:: Exercise goal ::
Repeat, word for word and with nothing added, each line from the one containing "Hübsches Paar fröhlicher" to the final line of the data, keeping both ends. Pictures are not part of the copy.

:: Data segment ::

····················

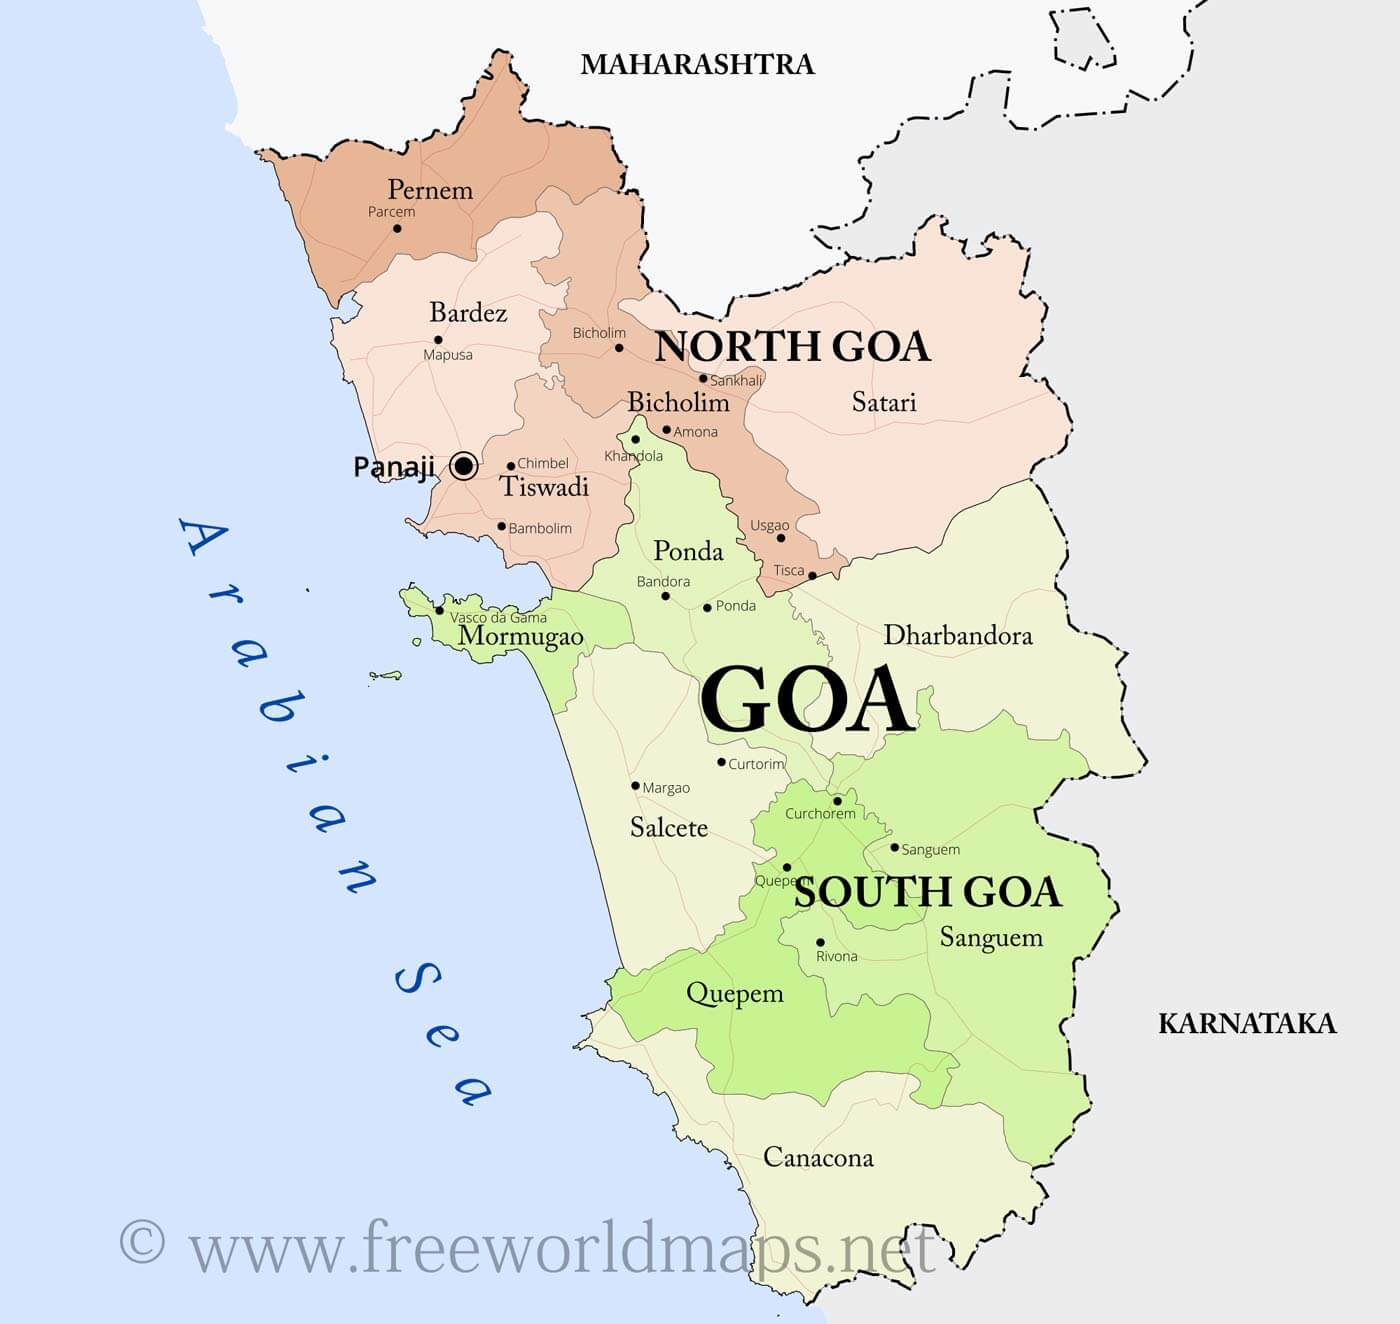 गोवा में सियासी संग्राम शुरू
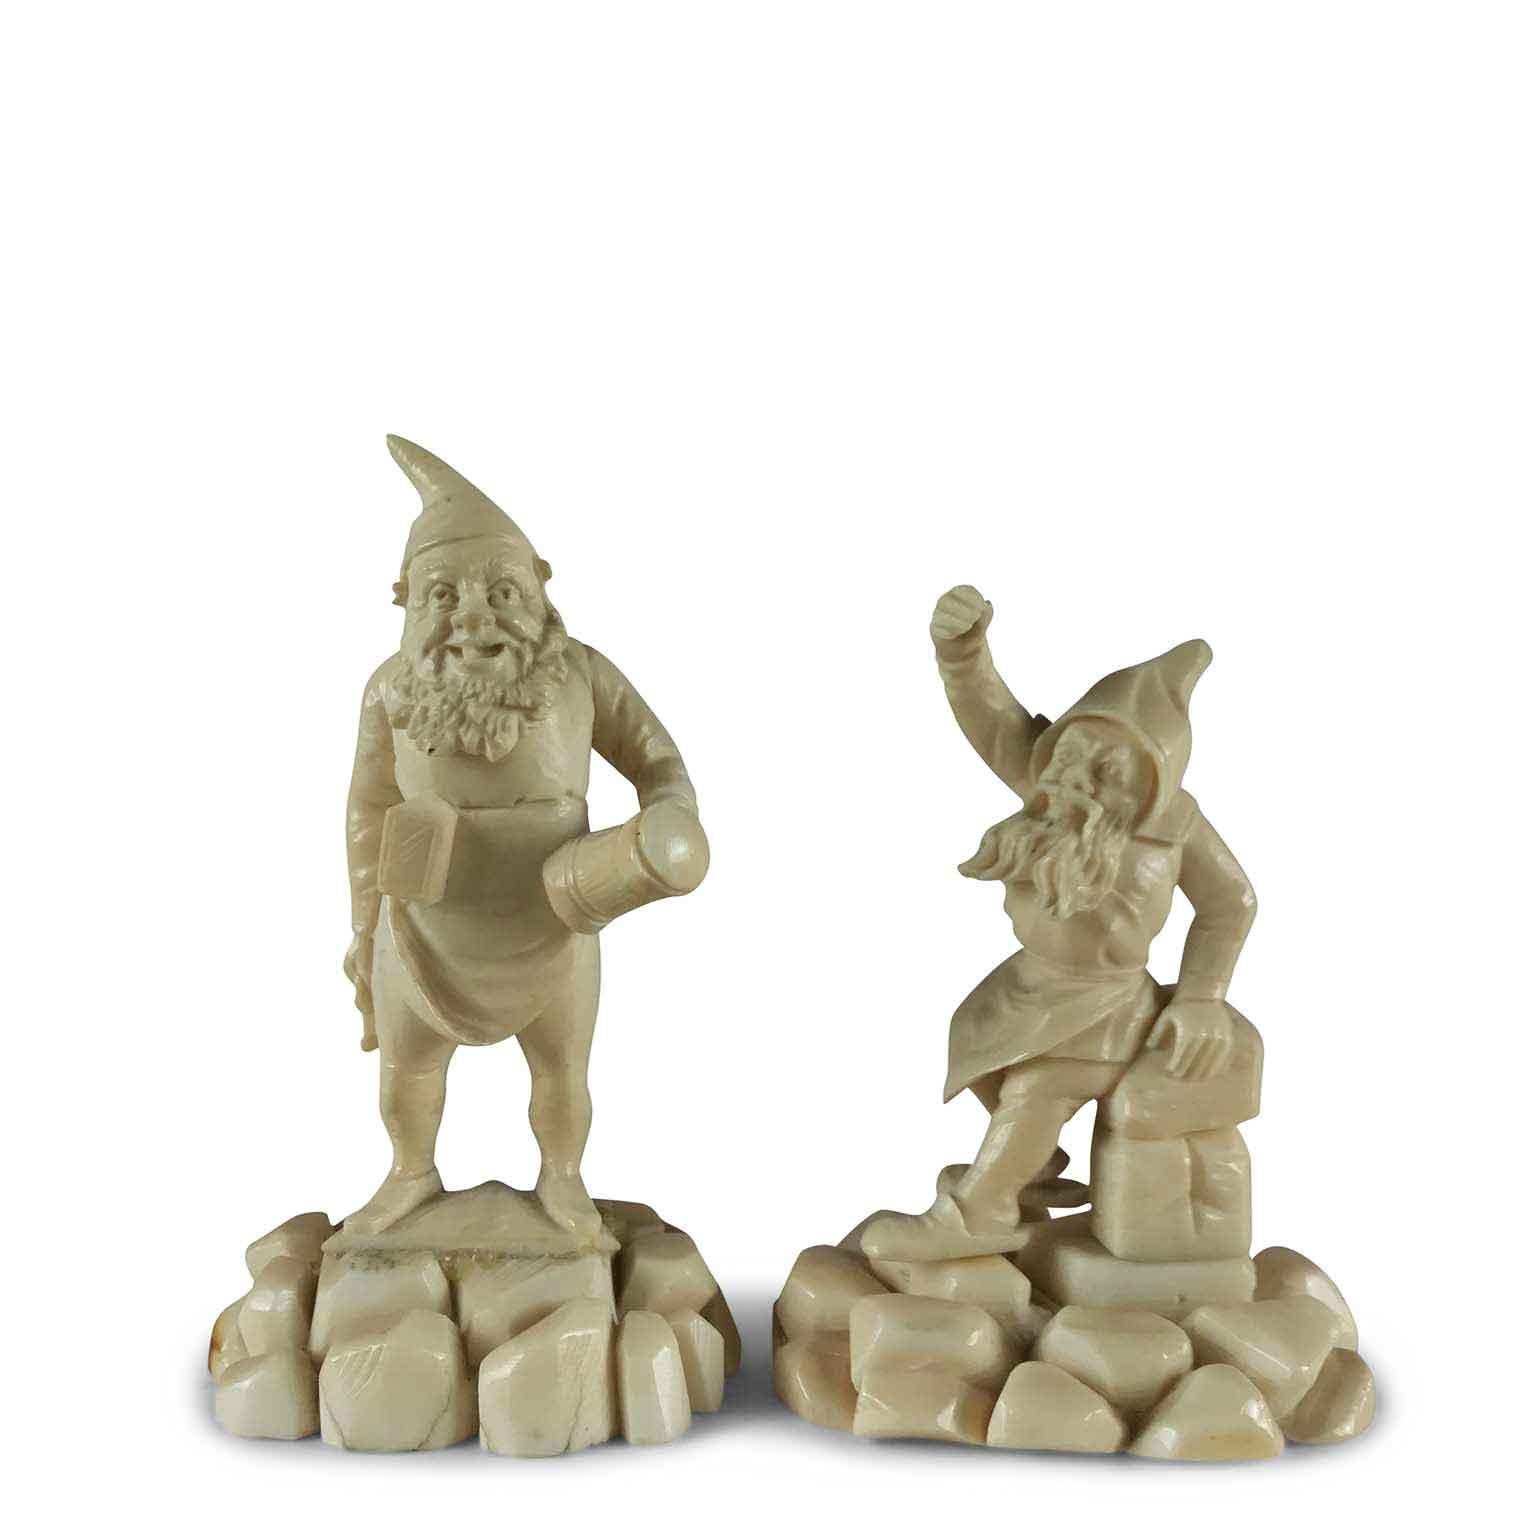 Hübsches Paar fröhlicher Wichtelfiguren aus geschnitztem Knochen deutscher Herkunft aus der zweiten Hälfte des 19. Jahrhunderts.
Auf einem geschnitzten Steinsockel aus Knochen hält ein stehender, lächelnder Gnom einen Becher mit Deckel in der einen
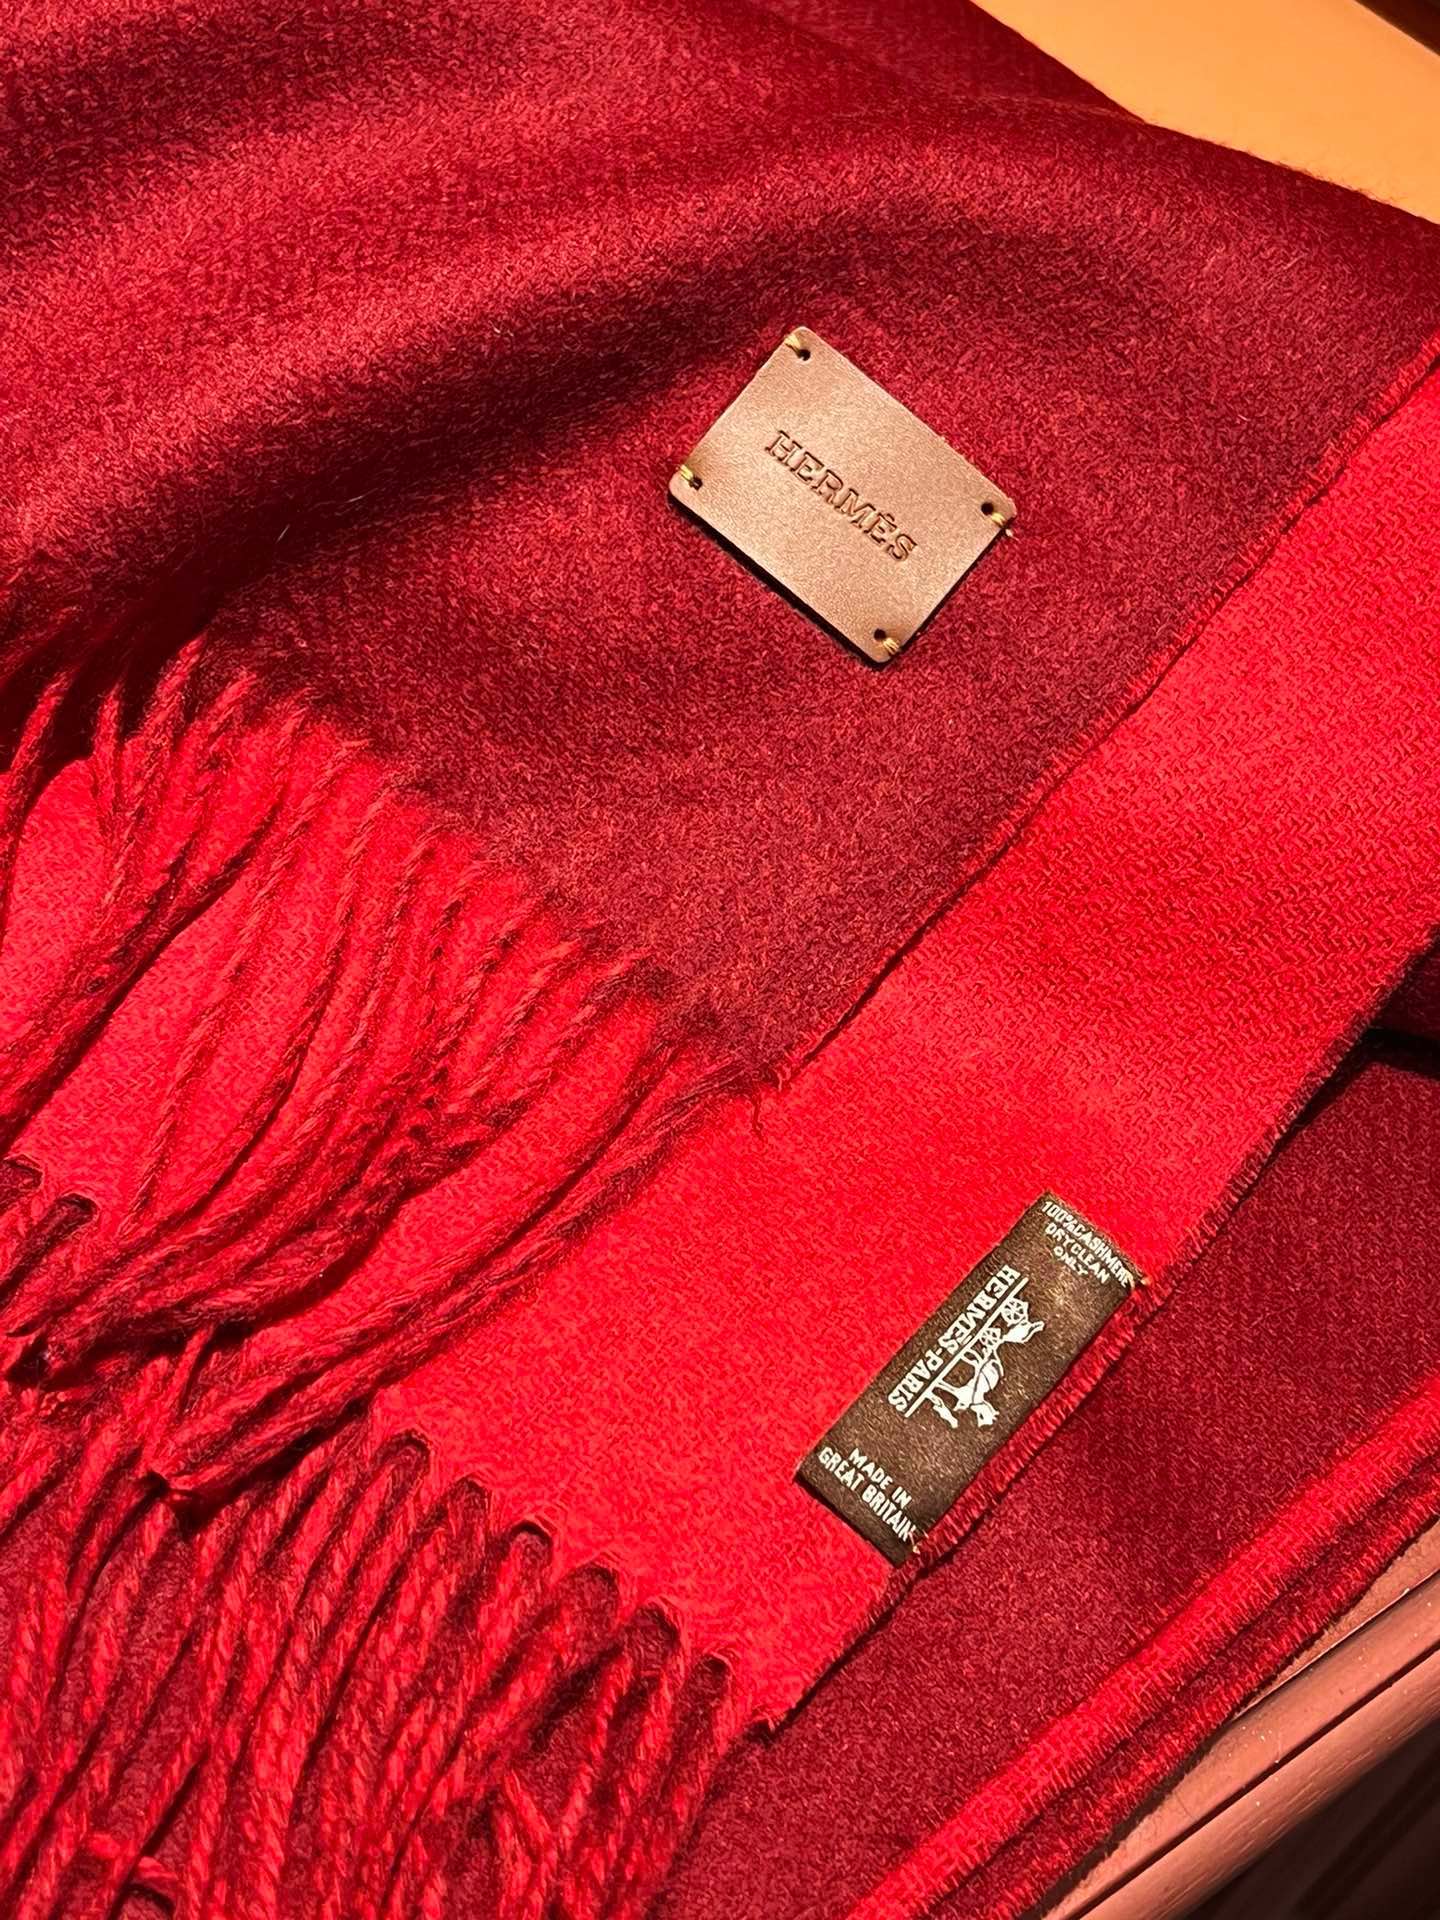 爱马仕巴黎时装展商务男士女士通用双面羊绒披肩代工厂臻选上乘的超细羊绒纤维进行纯手工精梳处理耗时耗力再以清

····················

:: Exercise answer ::
 Hübsches Paar fröhlicher Wichtelfiguren aus geschnitztem Knochen deutscher Herkunft aus der zweiten Hälfte des 19. Jahrhunderts.
Auf einem geschnitzten Steinsockel aus Knochen hält ein stehender, lächelnder Gnom einen Becher mit Deckel in der einen
 爱马仕巴黎时装展商务男士女士通用双面羊绒披肩代工厂臻选上乘的超细羊绒纤维进行纯手工精梳处理耗时耗力再以清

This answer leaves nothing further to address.